И сам сомневаюсь, что потяну сейчас вести с ним правильный, психологически выверенный разговор, мне не дает покоя странная работа биопрограммера И вроде бы все нормально, у него стандартные реакции, и охрана нам сегодня больше не понадобится но это, может быть, лишь видимость. Почему он спросил про смертную казнь?
– Леонид Аркадьевич, если вы почувствуете себя хуже или просто странно, немедленно свяжитесь со мной. Не бойтесь беспокоить хоть среди ночи.
Хазаровский мне симпатичен, но дело не только в нем. Если с одним из наших подопечных что-нибудь случится, это дискредитирует весь проект.

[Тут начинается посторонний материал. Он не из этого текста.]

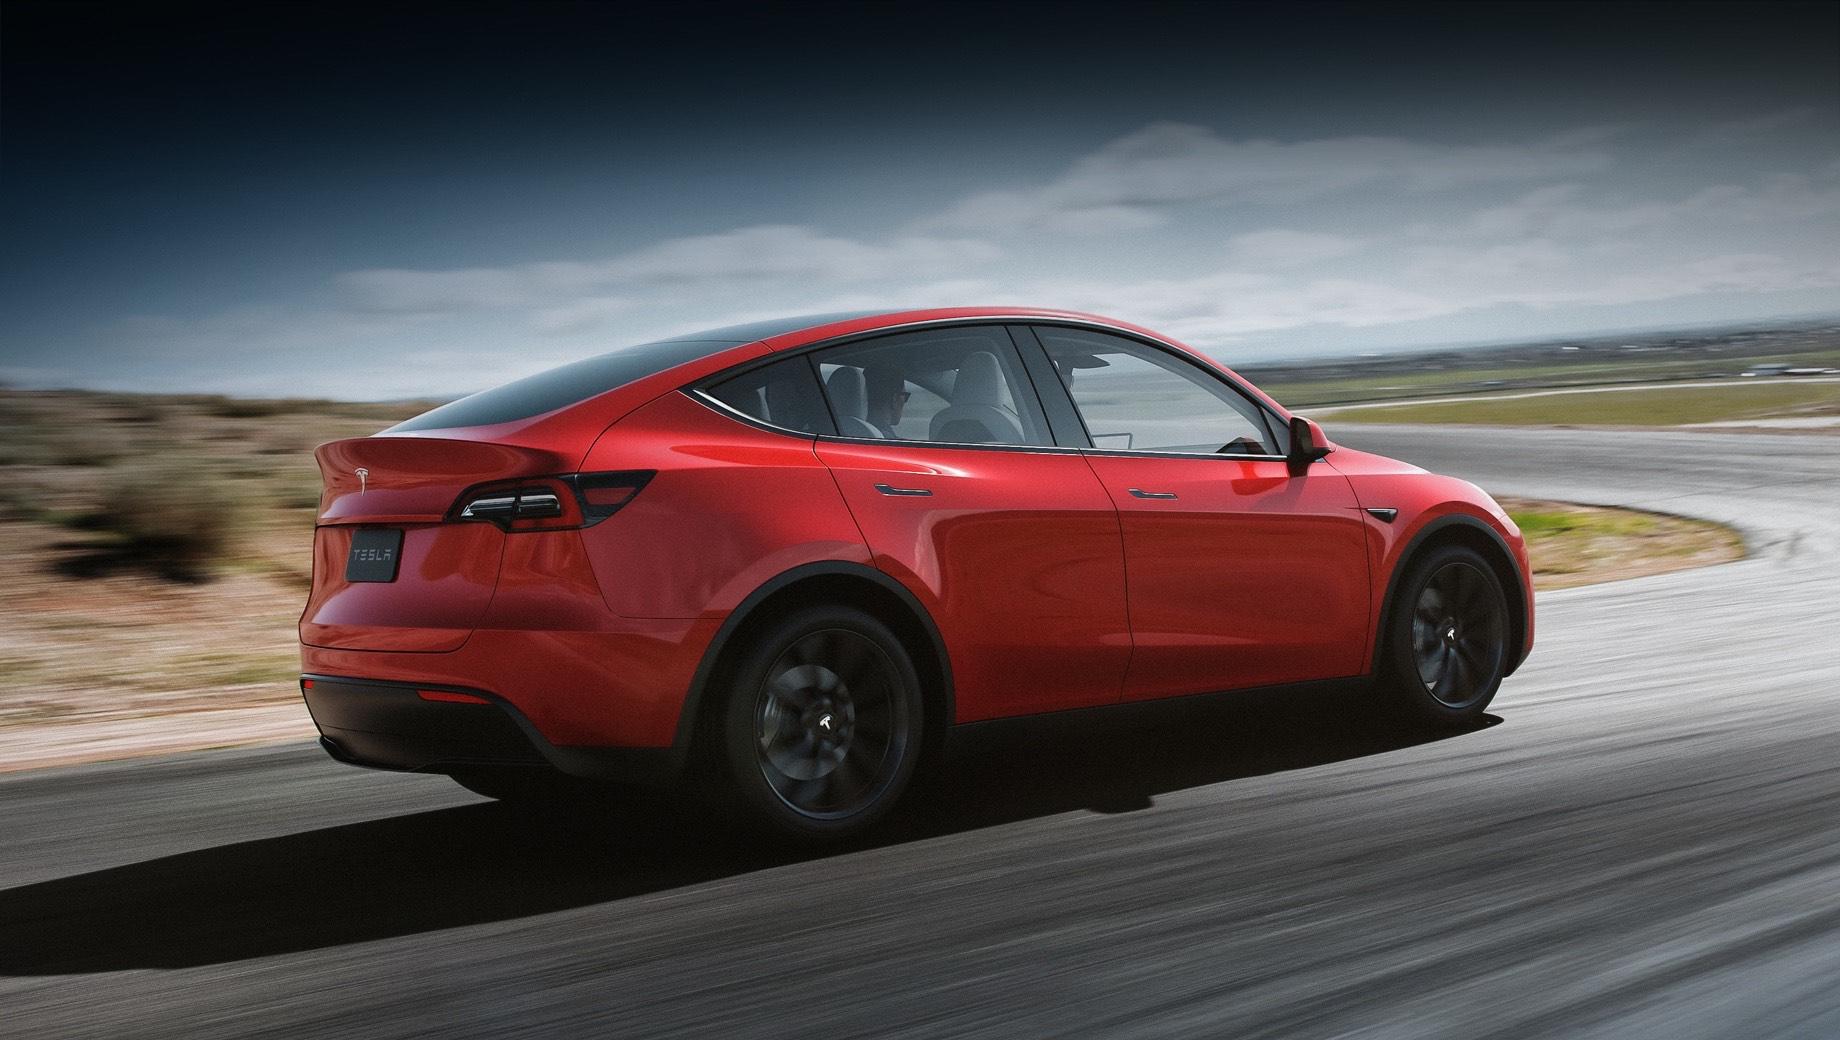 Tesla model y. Tesla Model Y начала свой рыночный путь меньше года назад, а в производстве машины были перебои. И несмотря на это электрокар нашёл по всему миру больше 70 тысяч покупателей. А в начале января открылся приём заказов в Китае, где за первые 10 часов приняли более 100 тысяч заявок.

Более того, это способно похоронить саму идею центров психологической помощи.
– Что-нибудь случилось? – спросил Лео.
– Нет, нет, ничего.
После беседы, которой я был не слишком удовлетворен, я вернулся к биопрограммеру и посмотрел его память. Ничего странного, никаких следов. Но я не мог успокоиться. Здесь нужен биопрограммист, а не психолог, который умеет только пользоваться прибором и ничего не понимает в его внутреннем устройстве. Знакомый специалист у меня есть, это Саша Прилепко, преподаватель с Тессы. Пару дней назад мы с ним совершенно неожиданно столкнулись в центре Кратоса.
Даниил Андреевич Данин
– Юля, ты нужна мне.
– В каком качестве? Любовницы?
– Начинается война, мы выдвигаемся к гипертоннелю, если со мной что-нибудь случится, мне некому больше доверить флот.